What to work on >> Give back exactly the lines of the material below that start at the one holding "25 Very Stylish" and end at the last line, minus the pictures.

Provided data >>

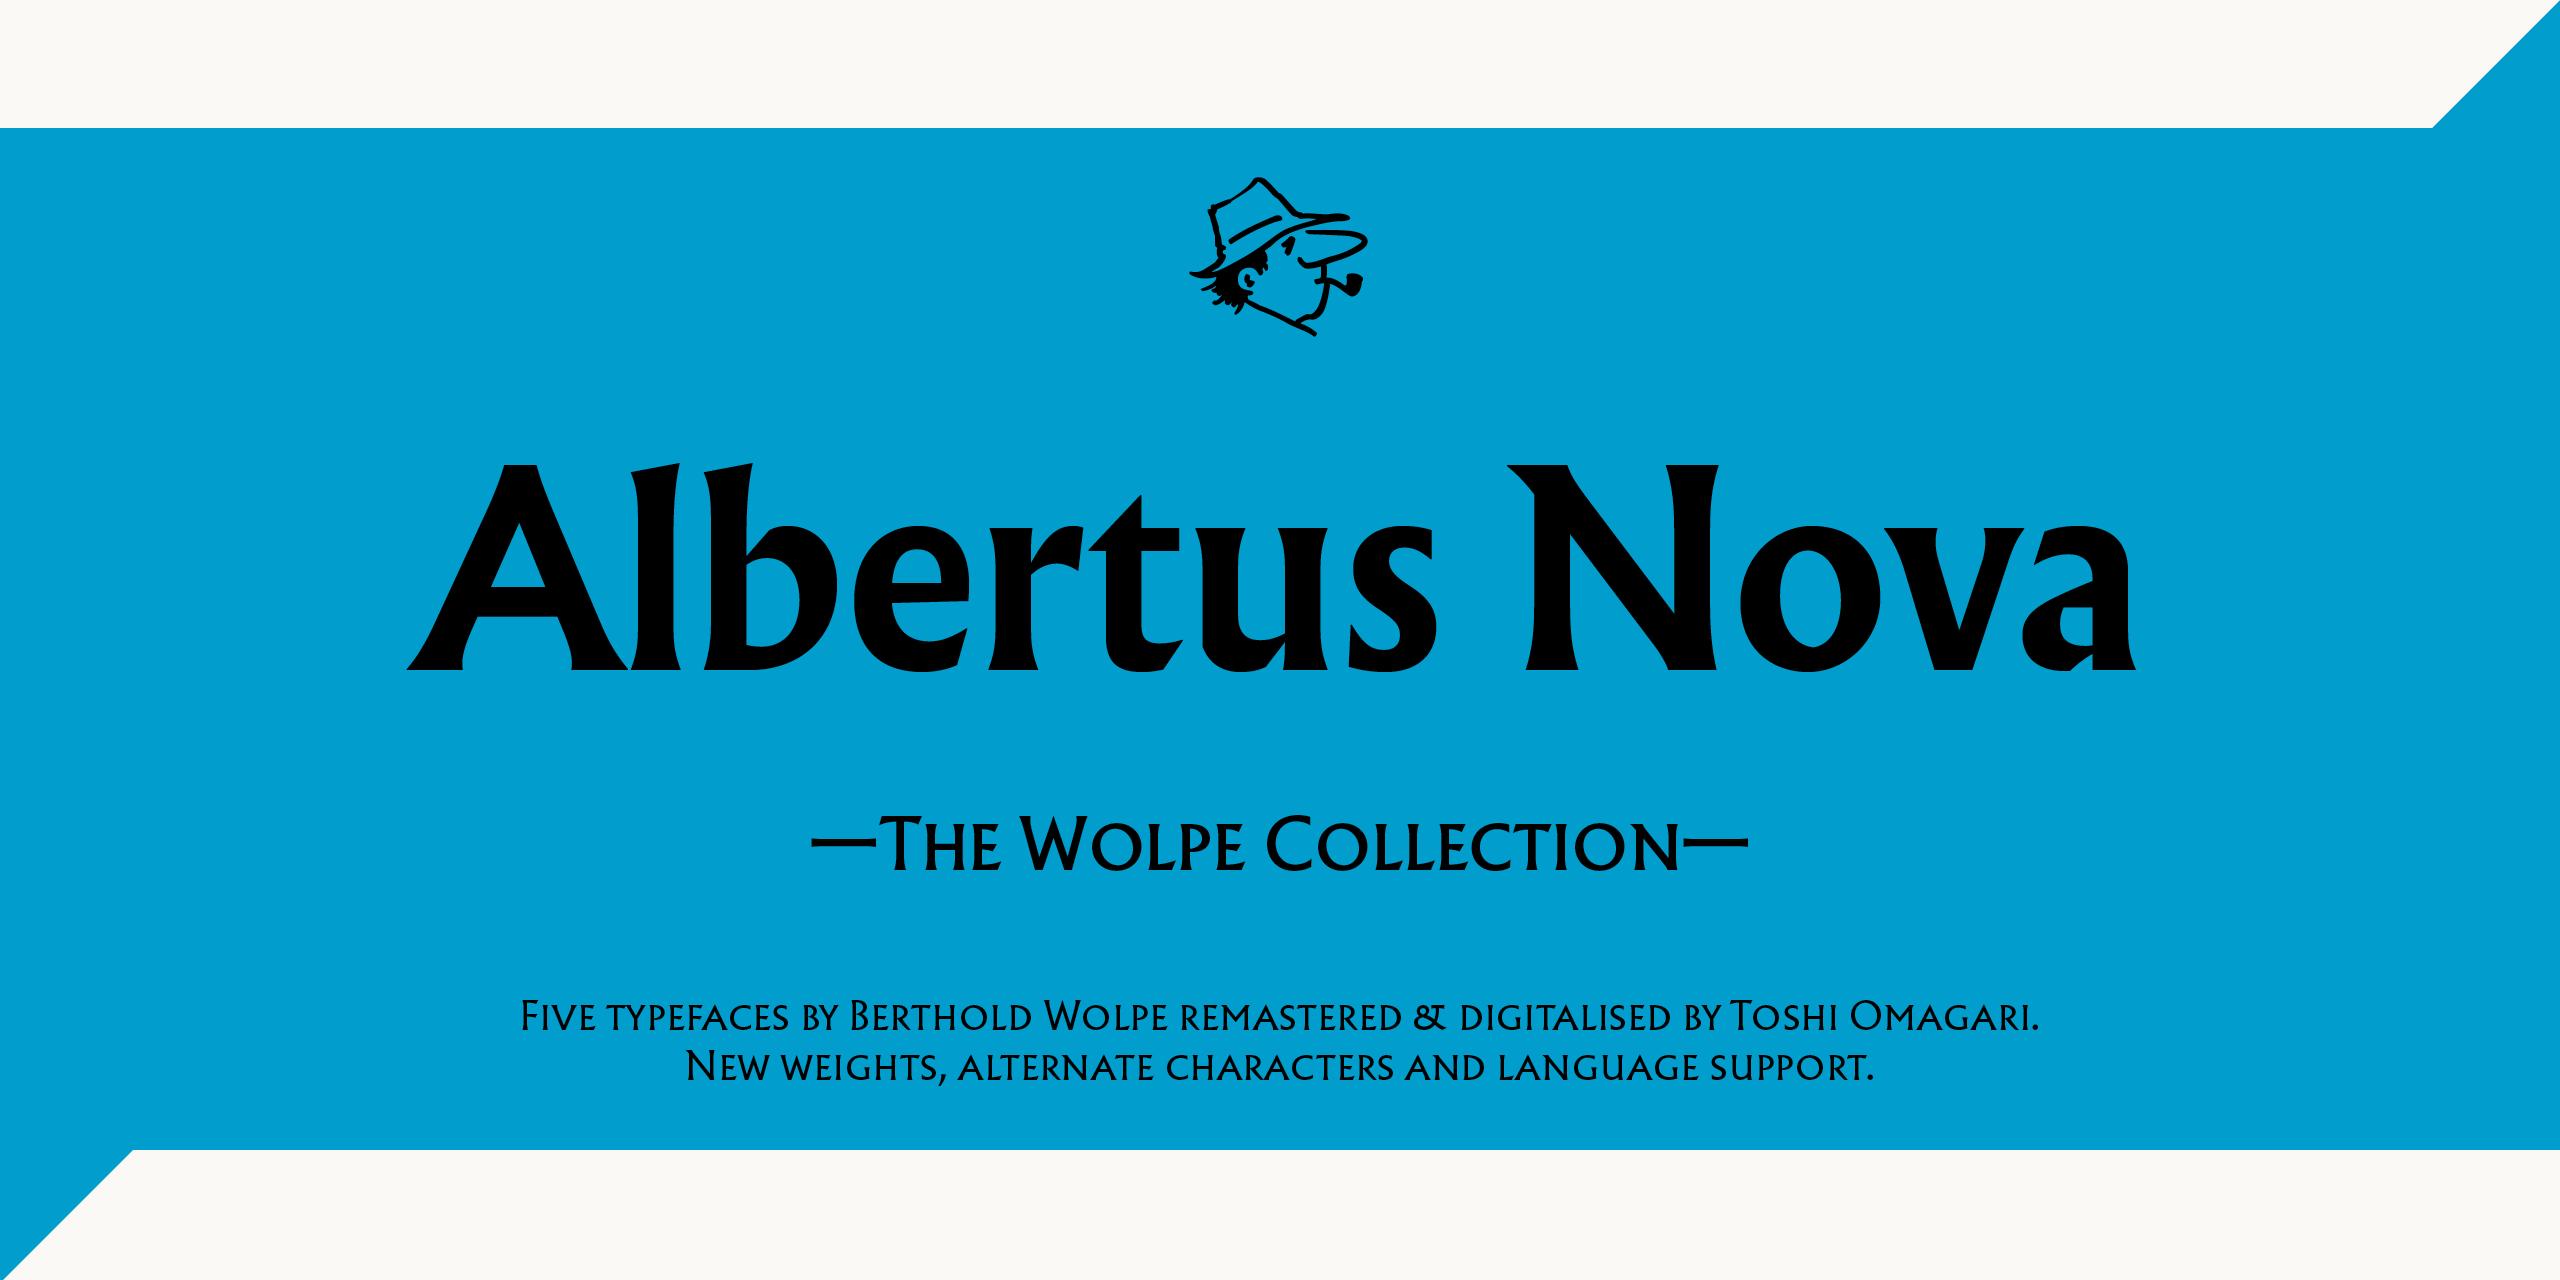 The Wolpe Collection – Albertus Nova
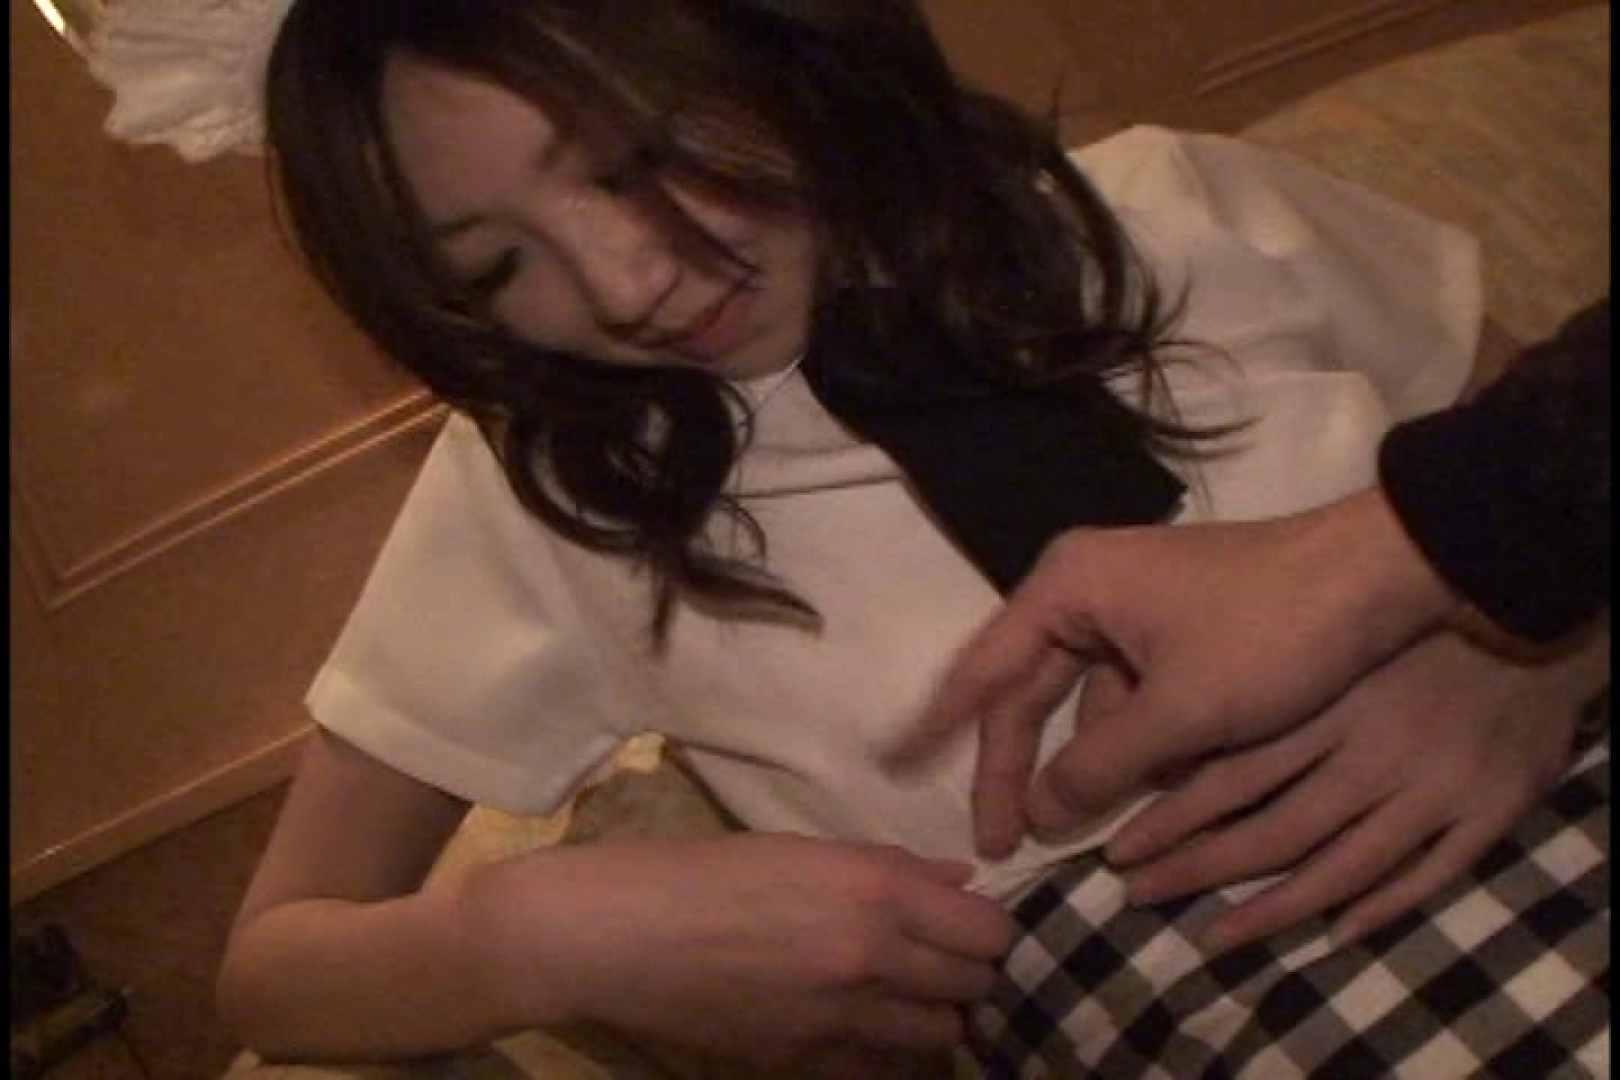 JDハンター全国ツアー vol.041 前編 女子大生のエロ動画  85PIX 46
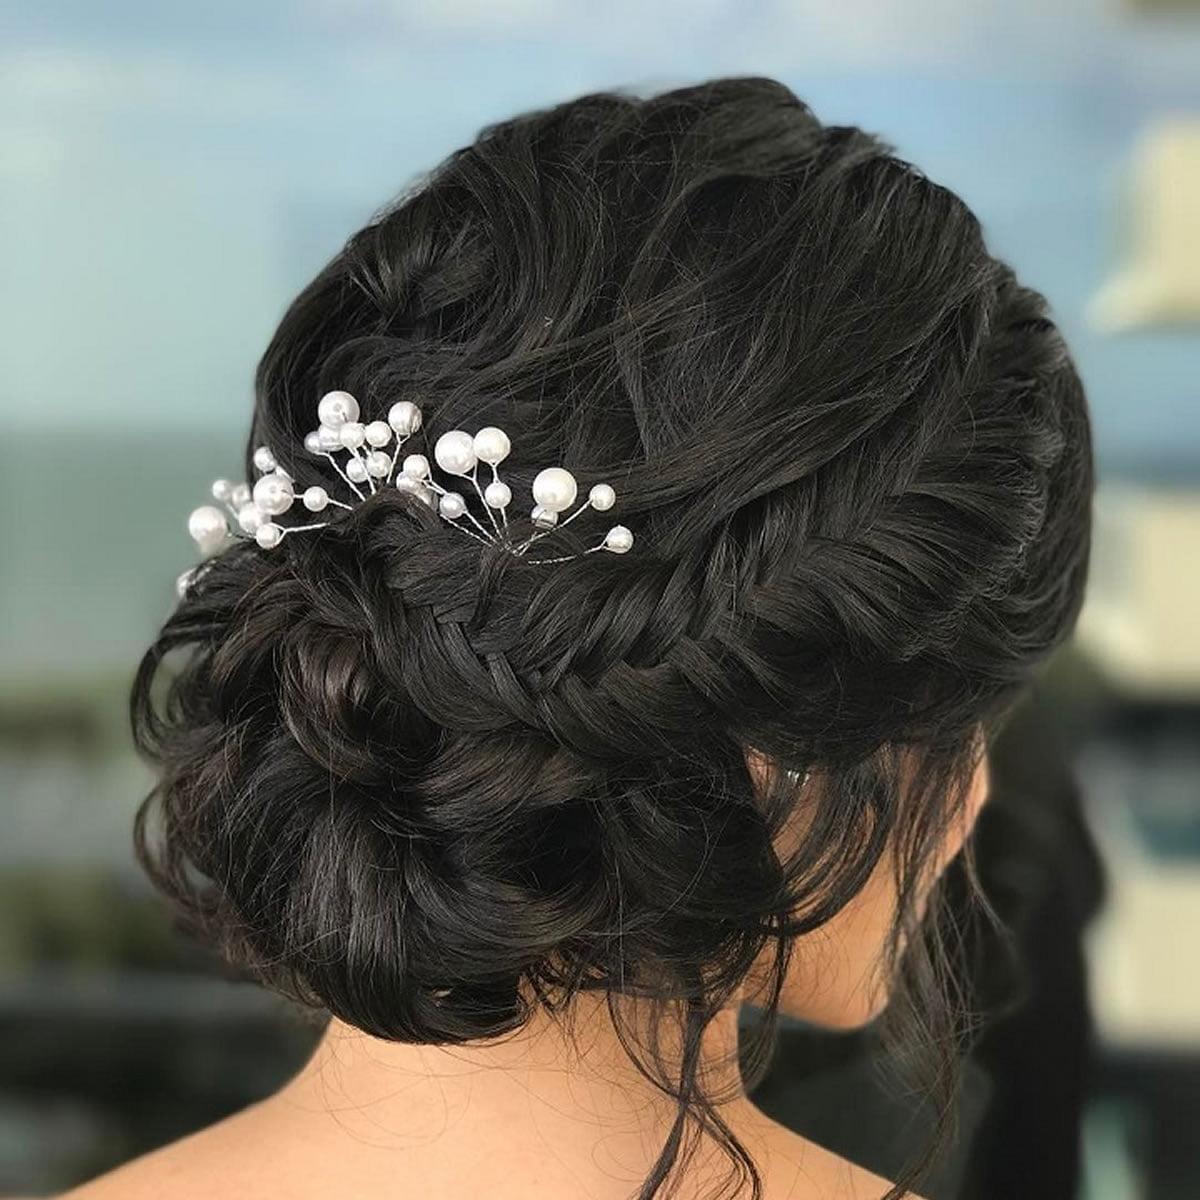 25 Very Stylish Soft Braided Hairstyles ideas 2018-2019 ... - photo #40
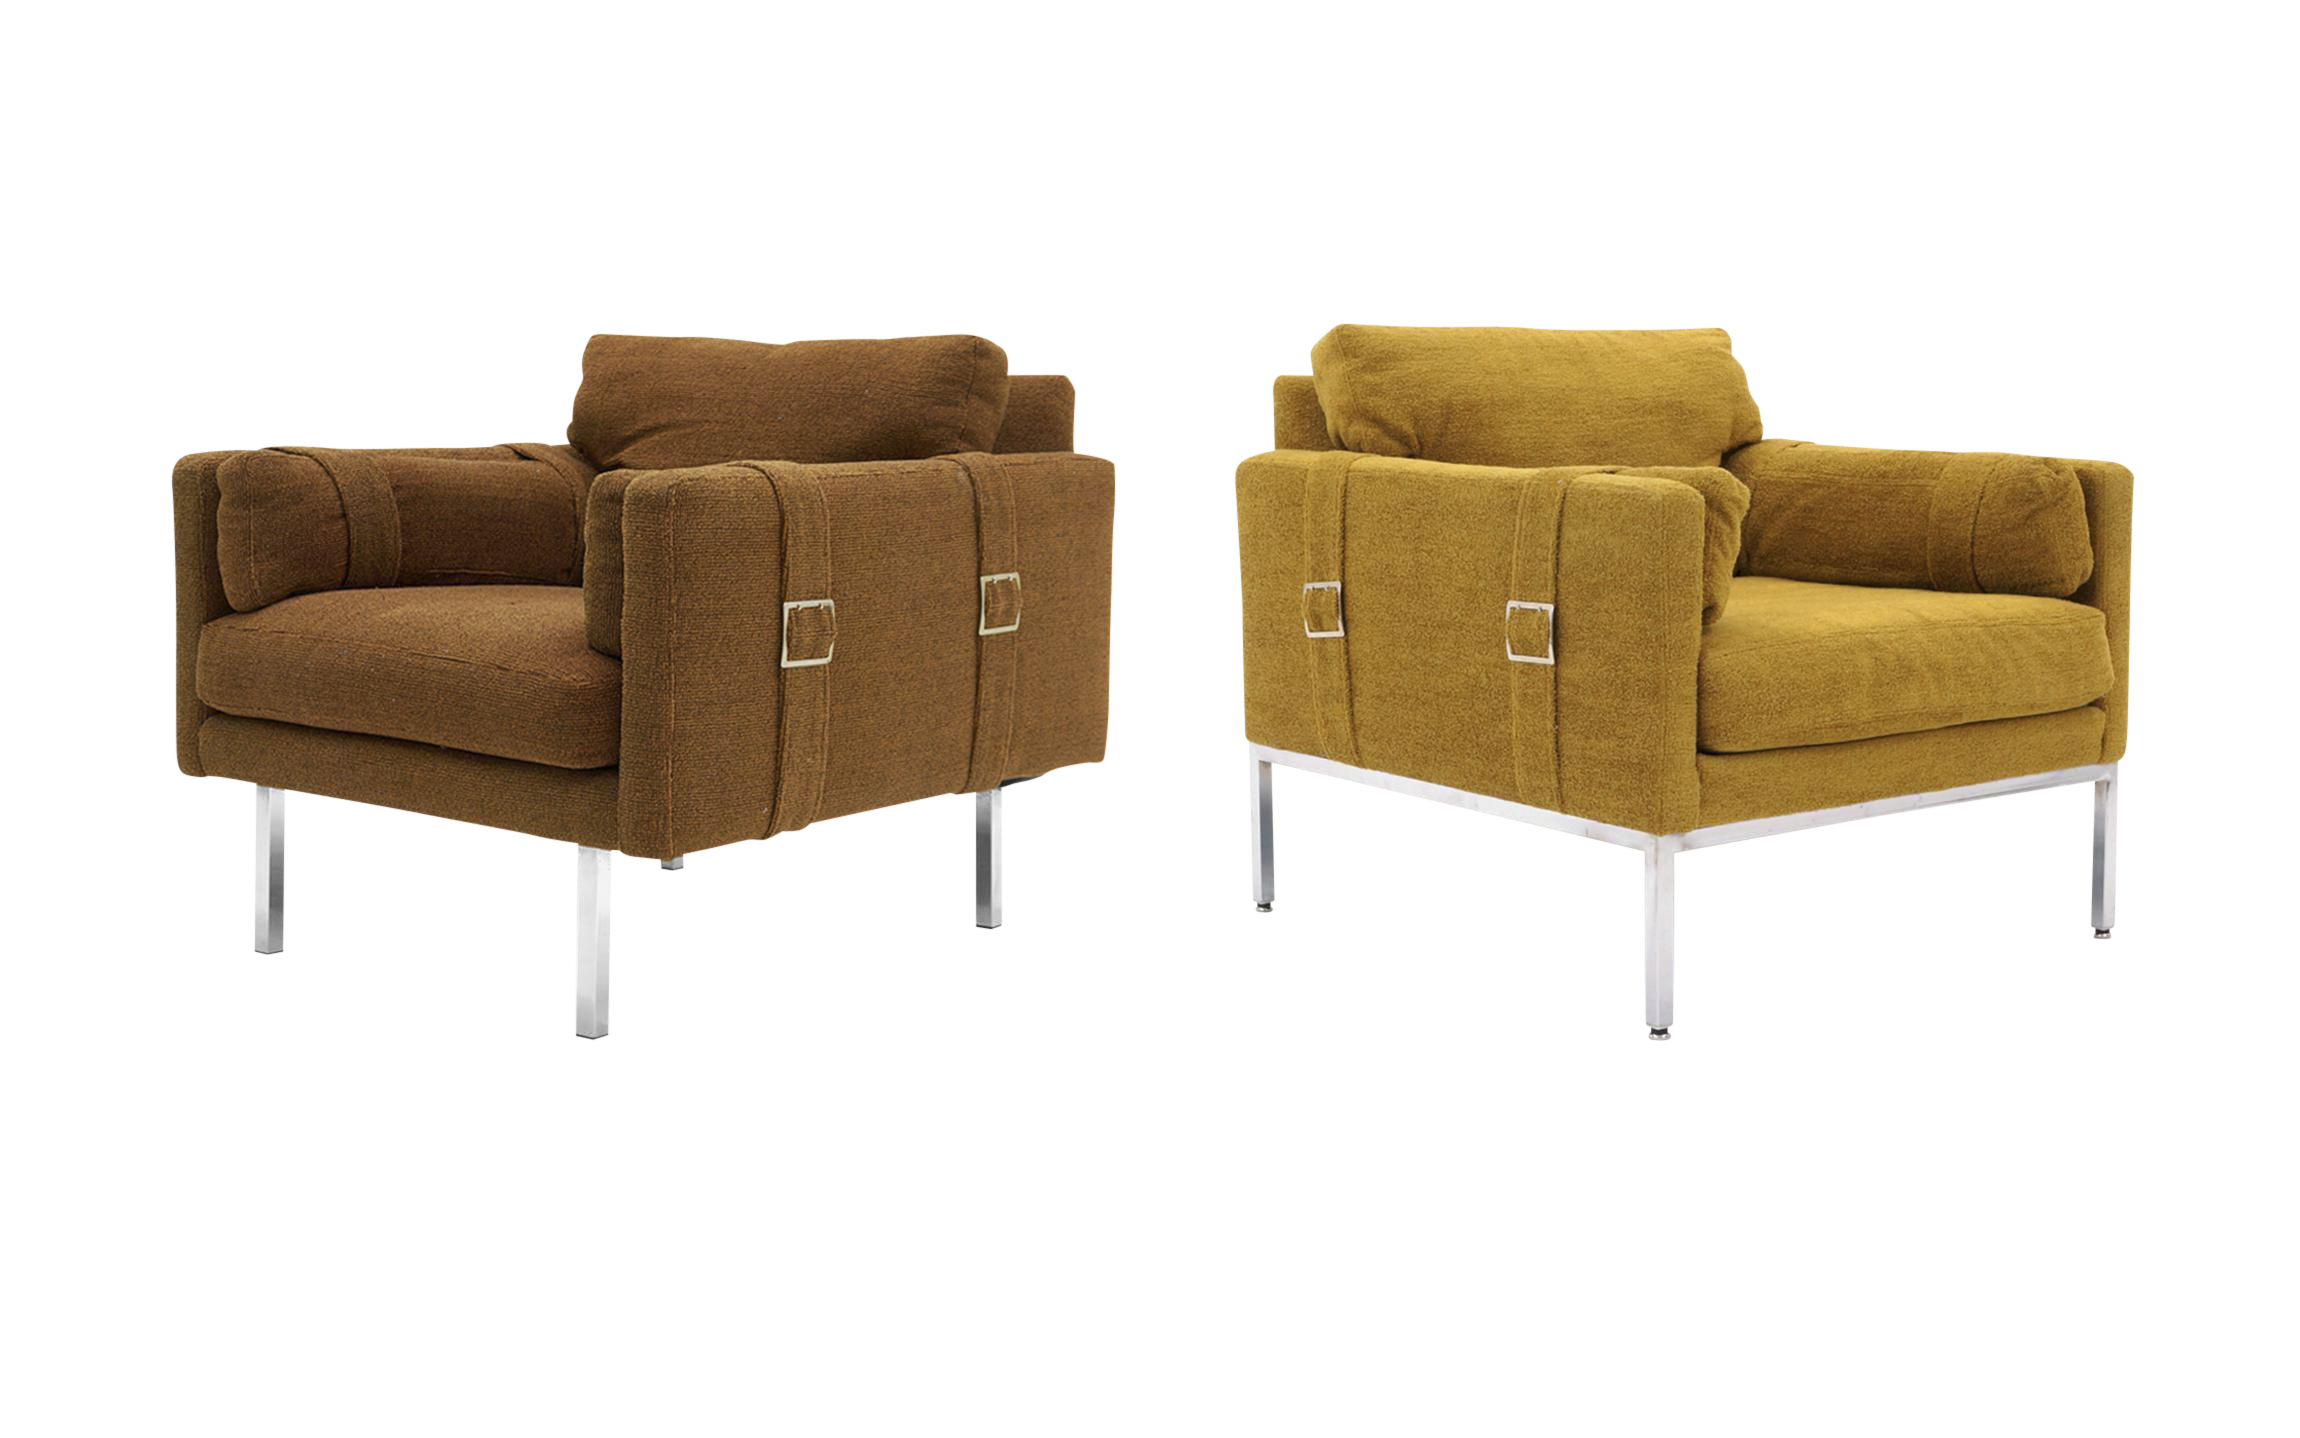 milo baughman furniture. Original Complimenting Pair Of Milo Baughman Lounge Chairs - Image 1 10 Furniture H

Task output >>
 25 Very Stylish Soft Braided Hairstyles ideas 2018-2019 ... - photo #40
 milo baughman furniture. Original Complimenting Pair Of Milo Baughman Lounge Chairs - Image 1 10 Furniture H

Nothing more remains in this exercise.